Çanakkale sokak turunun bir diğer sürprizi ise Hollywood yapımı 🎬 Truva filminde kullanılan ve ardından Çanakkale Belediyesi’ne hediye edilen tahta atı görmek oldu. Gerçekten de çok etkileyici. 


2 Mayıs  2015 Cumartesi 

Çanakkale 

Denizi olan bir yerde erken bir saatte uyandığınızda hem gün ışığı hem de denizin öyle bir kokusu olur ki insan adeta gençlik aşısı olmuş gibi dinç ve yaşam sevinci ile dolu hisseder. İşte biz güne böyle bir duygu ile uyandık. Sahildeki polis evinde keyifle kahvaltımızı yaptık.

Bugün olağanüstü güzel bir Çanakkale şehitlik gezisi gerçekleştirdik. Hem de olağanüstü ötesi güzellikte. Şehitlik, anıt... 100. Yıl kutlamalarında Avustralya ve Yeni Zelandalıların şehitliğe bıraktıkları çiçekler hala tazeliklerini koruyor. Çok sayıda gelincik dikkatimi çekiyor. Kimisi örülmüş, kimisi kumaşla hazırlanmış, gelincik formu verilmiş yüzlerce gelincik... Onların kültüründe askerlerle özdeş bir çiçek gelincik. Bizdeki karanfil gibi. Yanlarında notlar... Büyük büyük dedelere yazılmış... Çok duygulandırıcı. 
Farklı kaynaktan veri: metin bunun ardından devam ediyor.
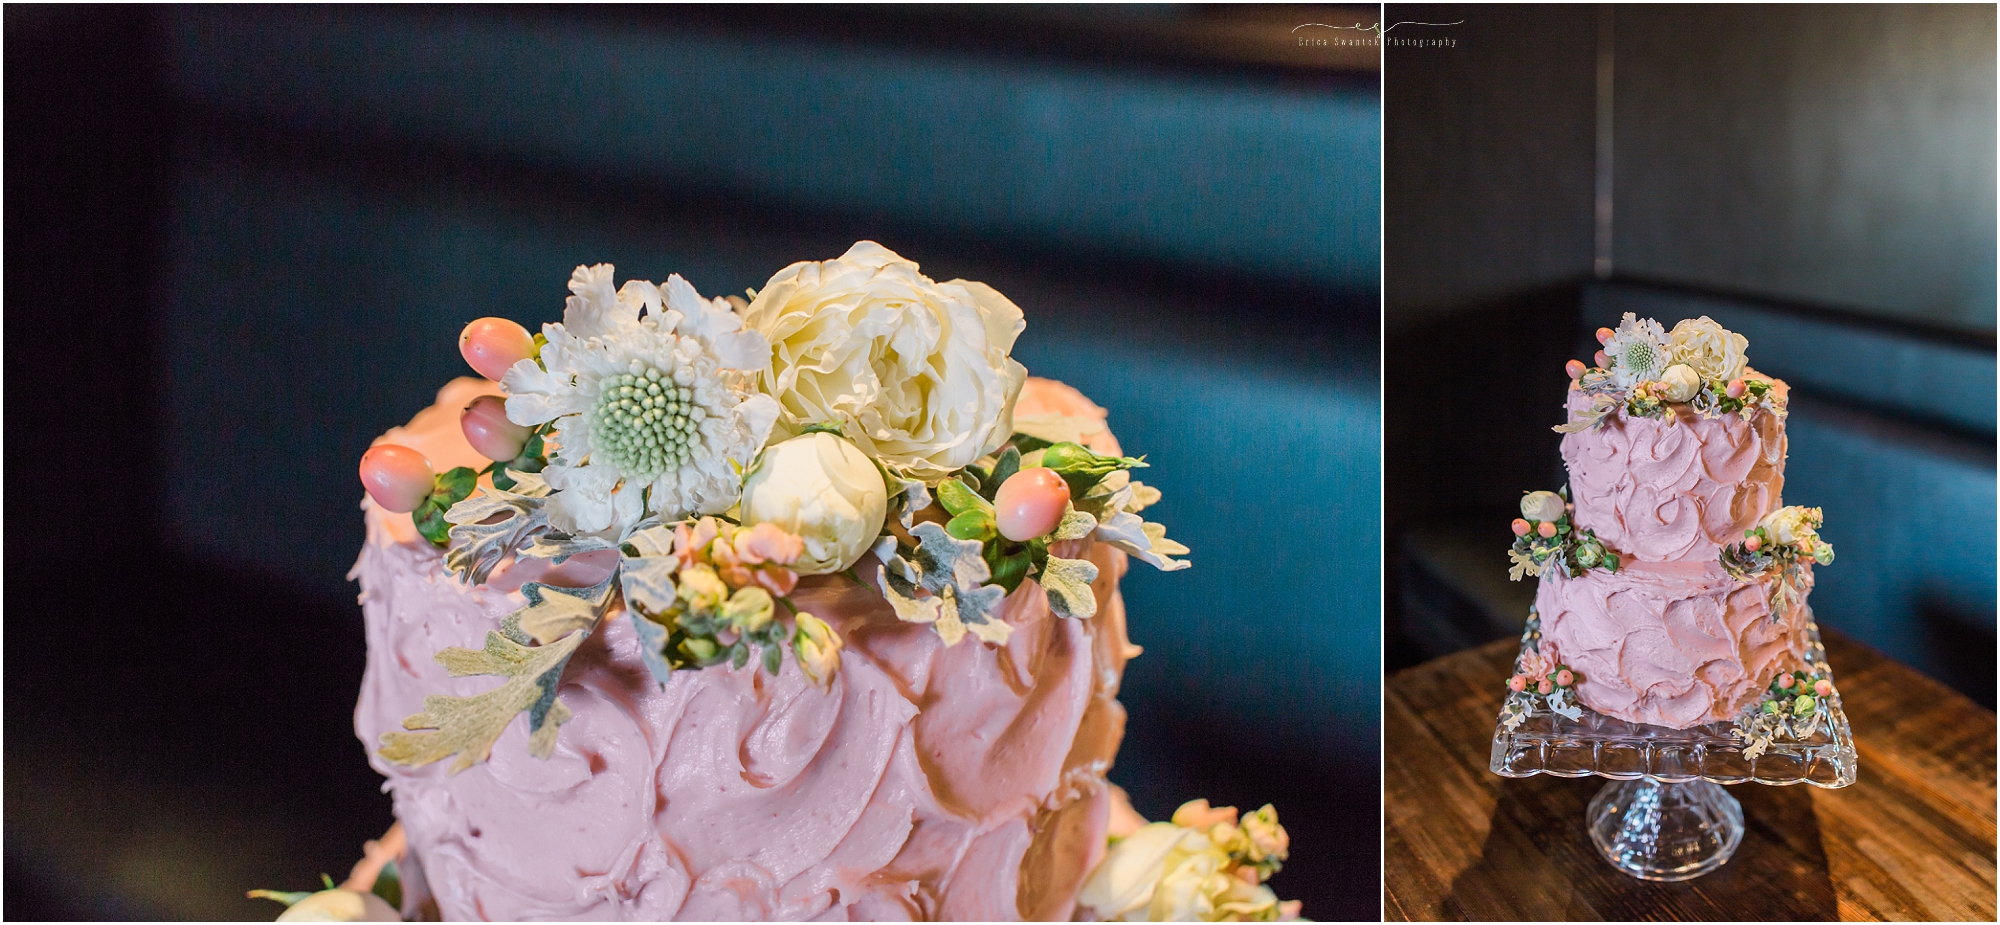 A beautiful cake created by Faith & Flour Baking out of Redmond, OR.

Atatürk’ün evlatlarını orada kaybetmiş yabancı ailelere yönelik sözü beni her seferinde ağlatıyor. Onun O yüce karakterini en güzel yansıtan sözlerden biri:

Bu memleketin toprakları üzerinde kanlarını döken kahramanlar! Burada bir dost vatanın toprağındasınız. Huzur ve sükun içinde uyuyunuz. Sizler Mehmetçik’le yan yana, koyun koyunasınız.  Uzak diyarlardan evlatlarını harbe gönderen analar! Gözyaşlarınızı dindiriniz! Evlatlarınız bizim bağrımızdadır. Huzur içindedirler ve huzur içinde rahat uyuyacaklardır. Onlar bu toprakta canlarını verdikten sonra, artık bizim evlatlarımız olmuşlardır.”




Tanıtım Merkezi çok güzel hazırlanmış. İçindeki canlandırma çok profesyonel. Gerçekten çok beğendik. 
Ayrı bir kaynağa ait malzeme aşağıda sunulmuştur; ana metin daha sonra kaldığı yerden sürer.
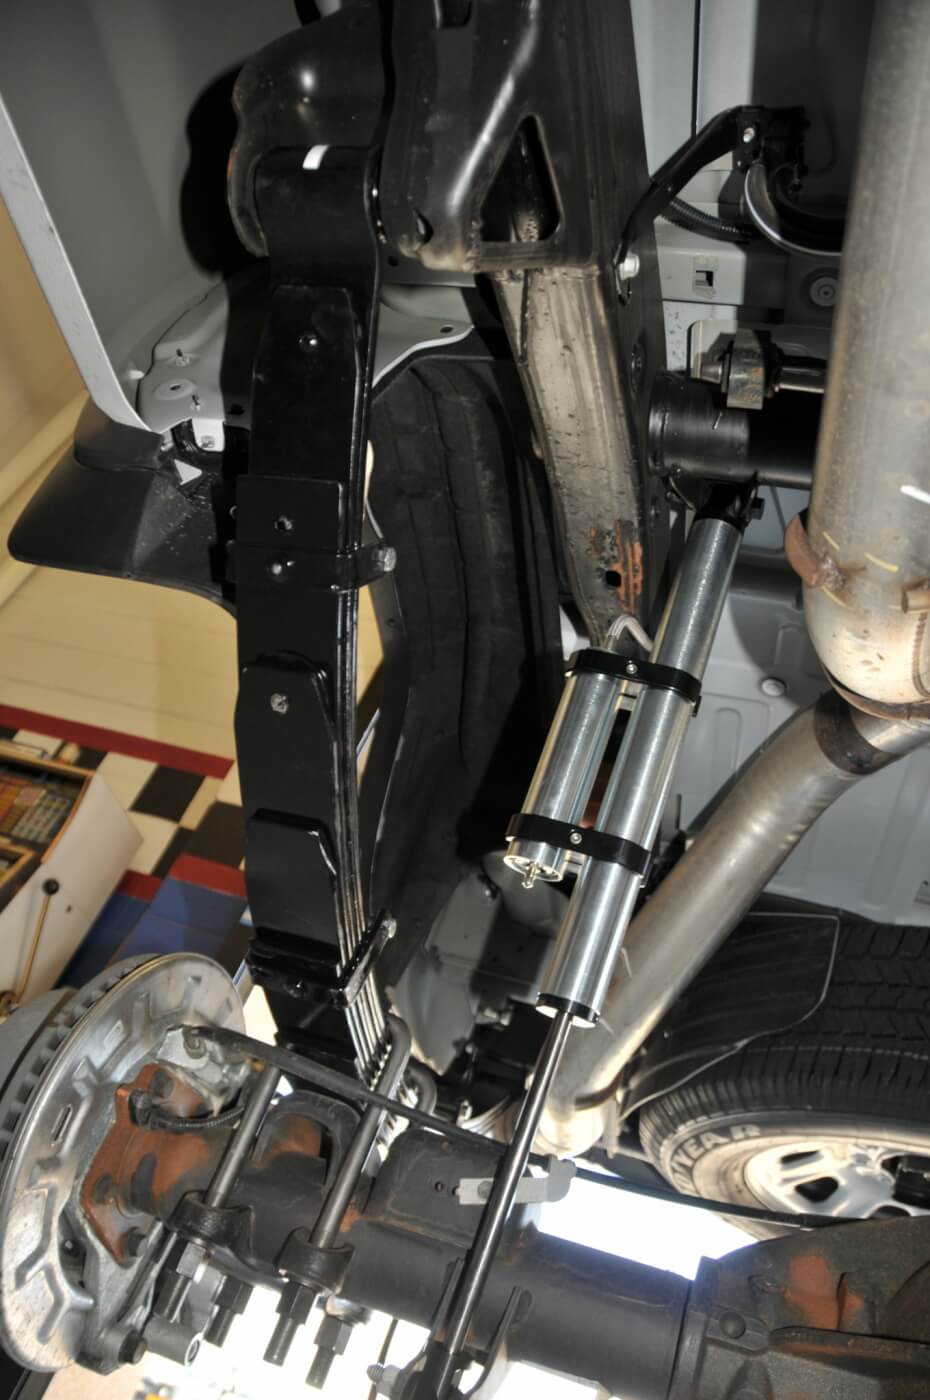 20. Here’s a look at the complete rear suspension. New U-bolts and plates are included in the kit.

Akşam yemeğimizi Morto Koyu'nda denizin sesi eşliğinde yedik, harikaydı. Kumsal gezimiz de çok ama çok güzeldi. Hele yanıbaşındaki kanola tarlası gözlerimize inanamayacağımız güzellikteydi. O an bana deseler ki yeryüzündeki en güzel yer neresi “işte tam burası” derdim. Öyle bir güzellik ki hem gözü hem kalbi dolduruyor. Orada öyle bir ruh var ki ancak orayı gören anlar ne kastettiğimi. 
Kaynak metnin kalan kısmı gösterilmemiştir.